§ **What this task involves**
Pull out of the data below the stretch of lines bounded by the one containing "Игровая механическая клавиатура" and the one containing "Podstawka Gilded Spheres, 4", both bounds included, unchanged.

§ **Dataset content**
*-*-*
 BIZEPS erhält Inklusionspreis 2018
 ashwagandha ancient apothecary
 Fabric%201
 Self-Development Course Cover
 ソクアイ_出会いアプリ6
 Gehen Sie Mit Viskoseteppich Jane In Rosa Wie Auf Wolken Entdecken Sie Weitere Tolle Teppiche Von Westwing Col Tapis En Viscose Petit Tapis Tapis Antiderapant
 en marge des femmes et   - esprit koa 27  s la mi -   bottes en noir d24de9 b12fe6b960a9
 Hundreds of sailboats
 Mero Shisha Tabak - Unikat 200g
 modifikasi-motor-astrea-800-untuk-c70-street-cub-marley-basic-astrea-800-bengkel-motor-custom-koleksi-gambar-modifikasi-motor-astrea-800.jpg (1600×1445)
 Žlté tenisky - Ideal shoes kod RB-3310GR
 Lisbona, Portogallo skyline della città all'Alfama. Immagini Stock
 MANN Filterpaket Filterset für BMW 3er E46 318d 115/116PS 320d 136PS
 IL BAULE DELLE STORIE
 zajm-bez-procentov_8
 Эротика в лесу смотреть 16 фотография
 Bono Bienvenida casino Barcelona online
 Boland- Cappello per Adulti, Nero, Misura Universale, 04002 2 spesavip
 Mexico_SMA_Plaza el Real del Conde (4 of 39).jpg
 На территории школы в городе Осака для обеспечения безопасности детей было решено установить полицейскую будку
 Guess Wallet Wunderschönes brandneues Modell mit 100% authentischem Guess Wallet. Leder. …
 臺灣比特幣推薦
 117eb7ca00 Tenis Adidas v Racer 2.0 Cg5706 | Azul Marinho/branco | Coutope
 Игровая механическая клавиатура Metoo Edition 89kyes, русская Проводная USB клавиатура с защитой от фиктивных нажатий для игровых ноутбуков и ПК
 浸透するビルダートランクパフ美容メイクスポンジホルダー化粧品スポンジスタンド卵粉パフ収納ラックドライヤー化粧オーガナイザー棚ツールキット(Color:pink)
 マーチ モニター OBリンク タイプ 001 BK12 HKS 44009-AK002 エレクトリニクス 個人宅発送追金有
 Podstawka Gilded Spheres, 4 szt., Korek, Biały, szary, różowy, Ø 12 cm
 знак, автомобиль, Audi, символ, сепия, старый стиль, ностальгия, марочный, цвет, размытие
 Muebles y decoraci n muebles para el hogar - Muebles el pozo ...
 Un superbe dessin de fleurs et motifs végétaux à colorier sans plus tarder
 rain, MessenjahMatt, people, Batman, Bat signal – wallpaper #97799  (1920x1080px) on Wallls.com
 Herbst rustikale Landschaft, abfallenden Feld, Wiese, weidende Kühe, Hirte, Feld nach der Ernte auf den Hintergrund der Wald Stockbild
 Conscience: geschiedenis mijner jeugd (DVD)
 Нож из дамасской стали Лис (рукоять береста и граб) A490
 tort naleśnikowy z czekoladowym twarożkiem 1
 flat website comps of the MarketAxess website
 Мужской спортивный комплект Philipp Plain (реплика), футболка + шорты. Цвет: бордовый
*-*-*
§ **Solution**
 Игровая механическая клавиатура Metoo Edition 89kyes, русская Проводная USB клавиатура с защитой от фиктивных нажатий для игровых ноутбуков и ПК
 浸透するビルダートランクパフ美容メイクスポンジホルダー化粧品スポンジスタンド卵粉パフ収納ラックドライヤー化粧オーガナイザー棚ツールキット(Color:pink)
 マーチ モニター OBリンク タイプ 001 BK12 HKS 44009-AK002 エレクトリニクス 個人宅発送追金有
 Podstawka Gilded Spheres, 4 szt., Korek, Biały, szary, różowy, Ø 12 cm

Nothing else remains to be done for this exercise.